El inglés fue declarado la lengua oficial del Estados Unidos. Ha habido tantos cambios radicales en los últimos dos meses, que esta noticia pasó desapercibida, casi como un secreto, o como algo irrelevante. ¿Qué importa ―se preguntarán muchos― si ya todos hablan inglés allá? ¿Qué importa si al fin y al cabo el inglés es el idioma mundial?
Importa y mucho. La diversidad cultural pasa por el lenguaje, y buena parte de la riqueza de una lengua viene de su interacción con otras. Los estadounidenses, la mayoría de los cuales no conoce otro idioma, estarán ahora condenados al peligro de atenerse a una sola forma de ver el mundo, y peor, una sola forma de narrarlo.
Esto afecta no solo a los inmigrantes, sino a toda la población, que va a tener menos contacto con todo lo foráneo, incluida la música, que puede ser la forma más eficaz de aprender otro idioma y de sumergirse en una forma diversa de concebir el mundo. Los diferentes ritmos y las diversas letras no solo nos hablan de una cultura, sino de su historia y de su realidad.
Hubo un tiempo, no hace tanto, en el que no existía la palabra globalización y no era por un decreto sino por una imposibilidad física que las culturas interactuaban poco entre sí. El mundo, y Estados Unidos como parte de él, estaba sediento de conocer cosas nuevas, pero no era fácil. No había redes sociales, no existía la inmediatez de la información, y los discos se vendían en acetatos y se demoraban mucho para llegar a cualquier parte. Hasta los años setenta, casi los únicos que habían penetrado el codiciado mercado estadounidense de la música eran los grupos de rock ingleses.
Pero un hombre cambió todo eso. Uno solo. Un músico mediocre (todo hay que decirlo), un cantante flojo, que tenía letras edulcoradas y que aparecía siempre con un bronceado mediterráneo y una sonrisa de actor de cine. El hombre se llama Julio Iglesias, y a él le debemos, en buena parte, que Estados Unidos haya conocido la música cantada en español.

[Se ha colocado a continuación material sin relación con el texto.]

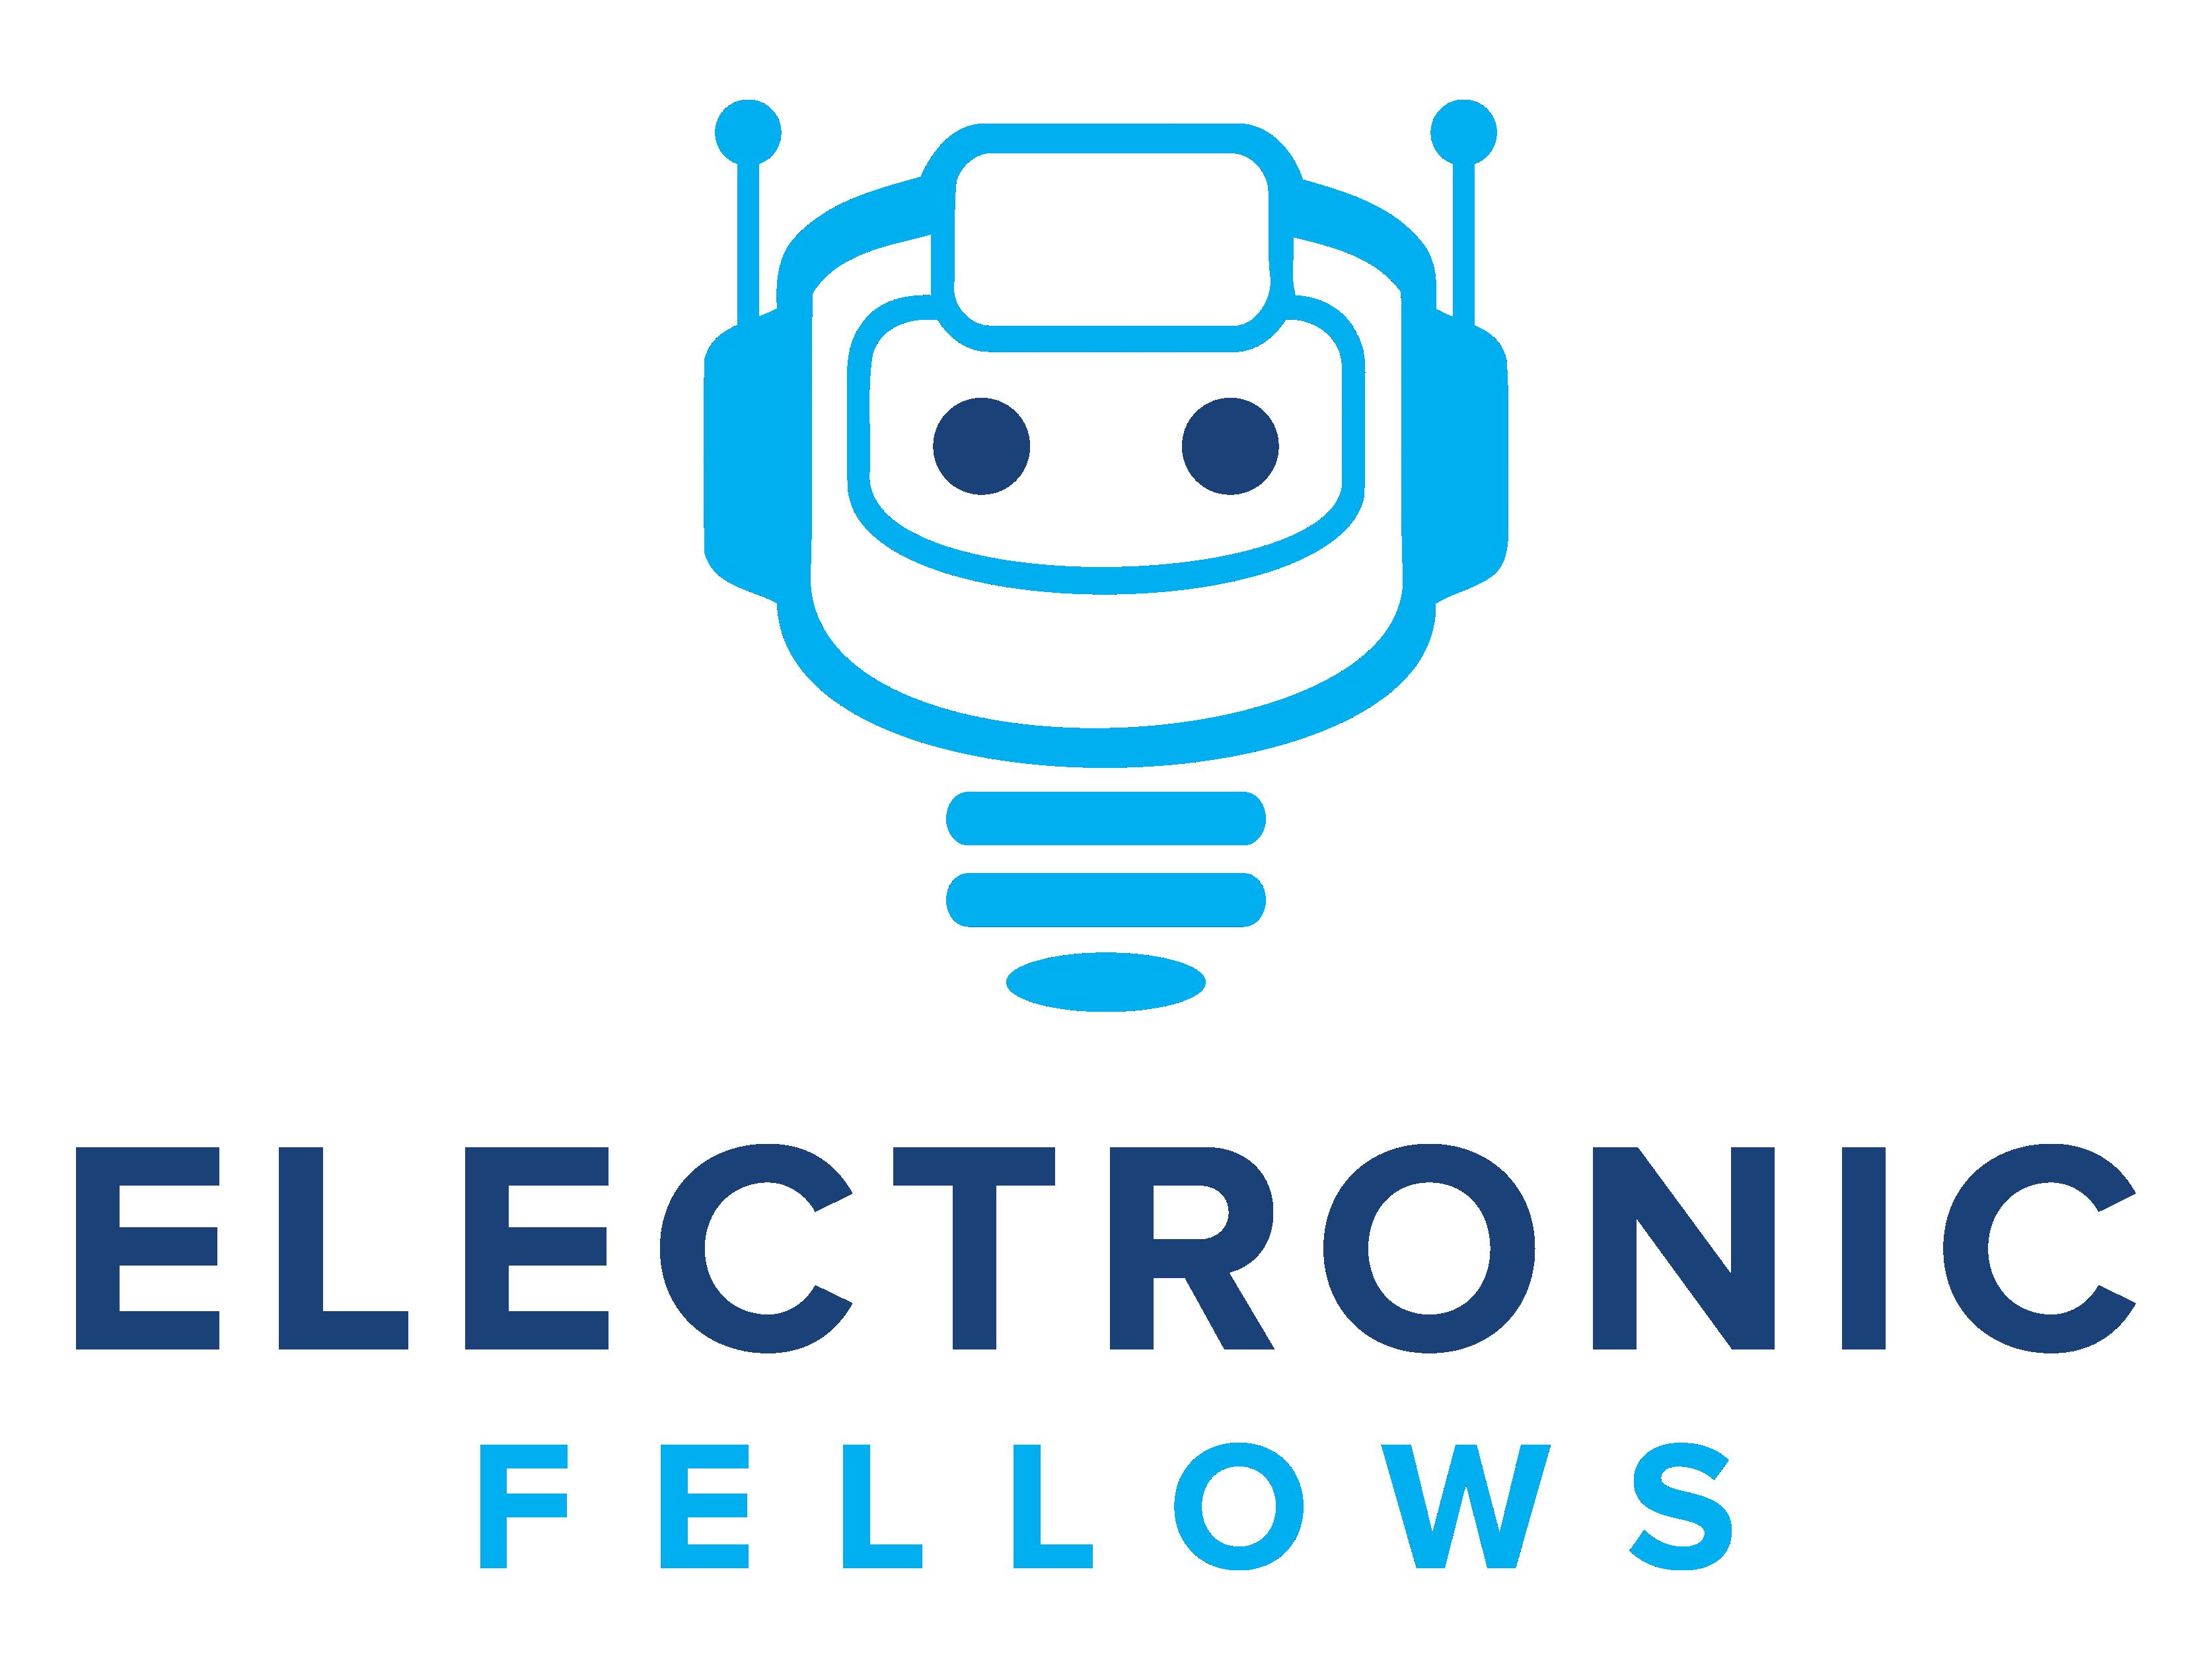 Electronic Fellows

El escritor Ignacio Peyró acaba de publicar El español que enamoró al mundo, una biografía de Julio Iglesias en la que nos recuerda la importancia monumental de este hombre que, sin hablar ni una palabra de inglés, fue el ariete que rompió la muralla y les allanó el camino a tantos que vinieron después (incluido su hijo Enrique y, por qué no, nuestra amada Shakira).

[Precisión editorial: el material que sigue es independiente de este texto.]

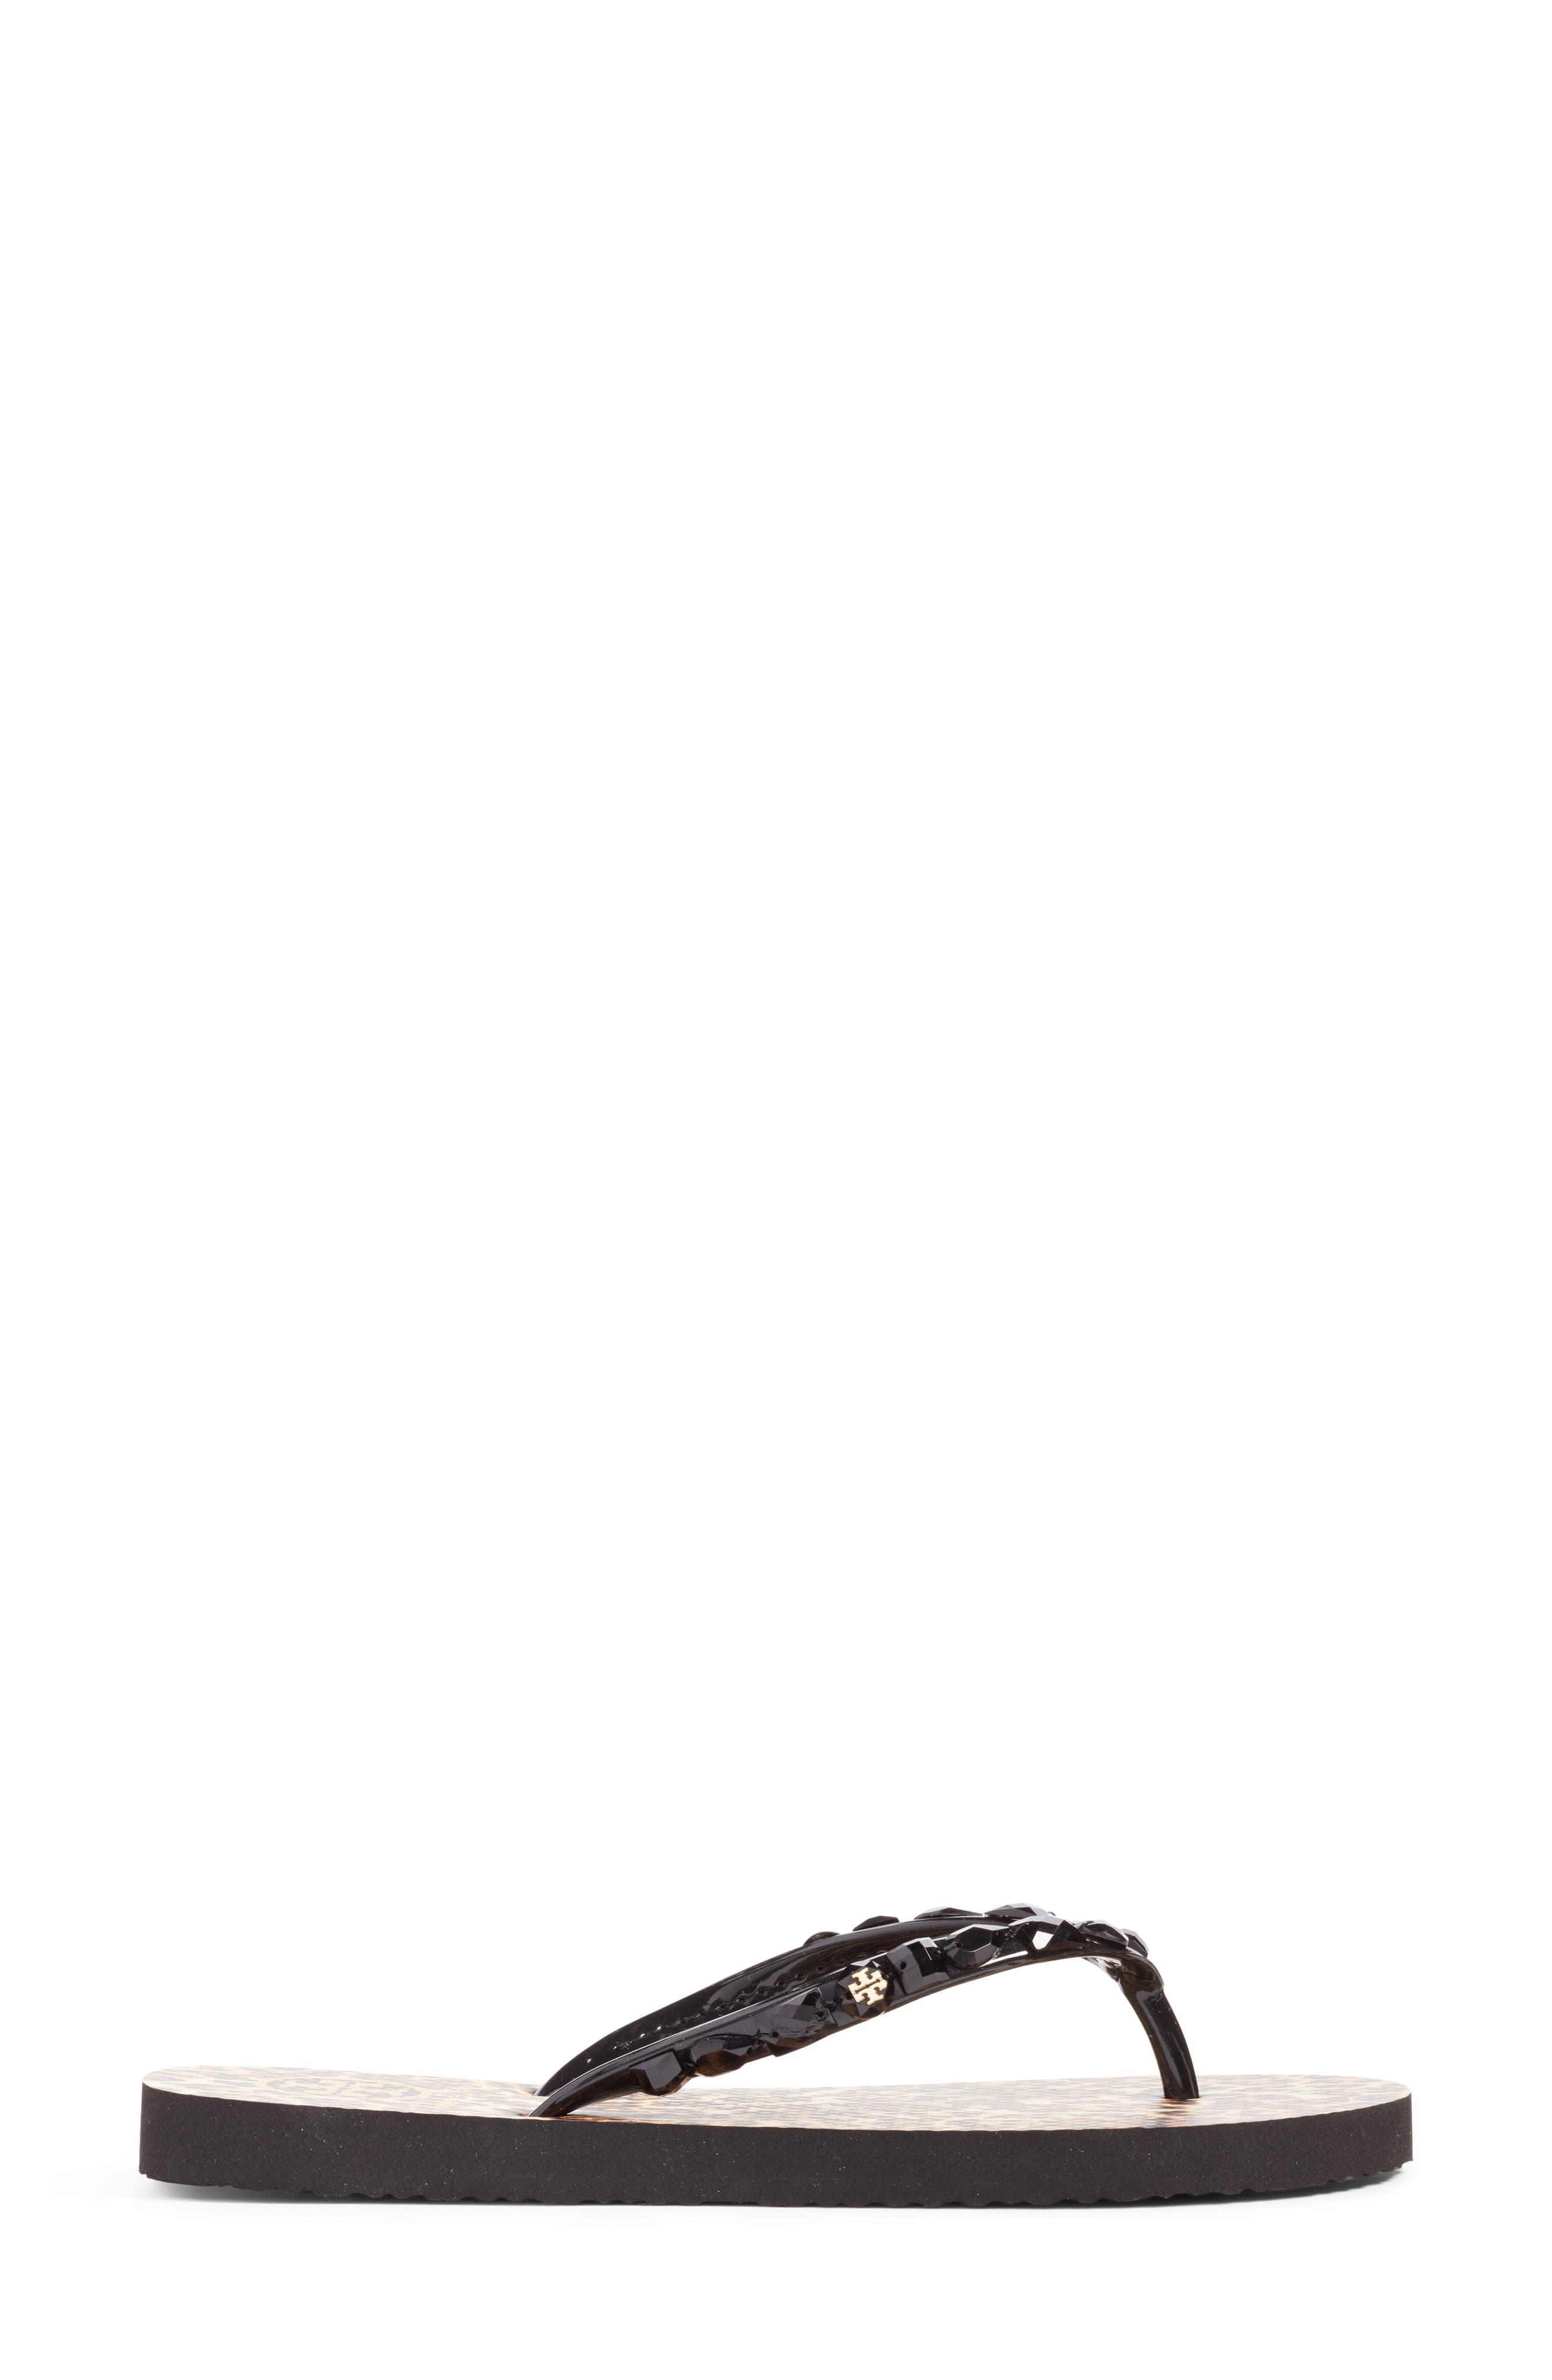 Alternate Image 3  - Tory Burch Embellished Flip-Flop (Women)

Apenas comenzaba la década de los ochenta cuando Julio Iglesias ya se había tomado los escenarios más tradicionales de la cultura estadounidense, esos escenarios donde no entraría jamás un extranjero y mucho menos un gallego que hablaba un inglés incomprensible y que cantaba baladas en espanglish con arreglos que parecían navideños. Julio Iglesias, según Peyró, entró en la mismísima Casa Blanca, donde se volvió amigo de los Reagan y de los Clinton, y cantó con Dolly Parton, la leyenda de la música country, y con Frank Sinatra, el más famoso artista estadounidense del siglo XX. Julio se volvió tan famoso en Estados Unidos que apareció en un capítulo de Los Simpson, lo que terminó de consagrarlo como un ícono pop y le dio un estatus de leyenda.
Puede que no nos guste su música. Puede que incluso nos dé fastidio esa dentadura que parece postiza, el pelo que ondea en el viento, las gafas oscuras que reflejan el sol del verano o esos trajecitos de lino blancos con los que le gusta vestirse. Puede que Julio Iglesias sea sinónimo de “música de mamás” o de “símbolo sexual de la menopausia” (como lo llamó la revista Time), pero no podemos dejar de admirar su monumental carrera. Julio Iglesias puso a millones de gringos a cantar en un idioma que no era el suyo, les dio la posibilidad de enamorarse de otra lengua que apenas si podían vislumbrar, los hizo saber que más allá de sus fronteras hay otras historias, otras realidades, otros sonidos, y que, al final, también hay otras voces, tal vez unas que se demoren muchos años para volverse a escuchar.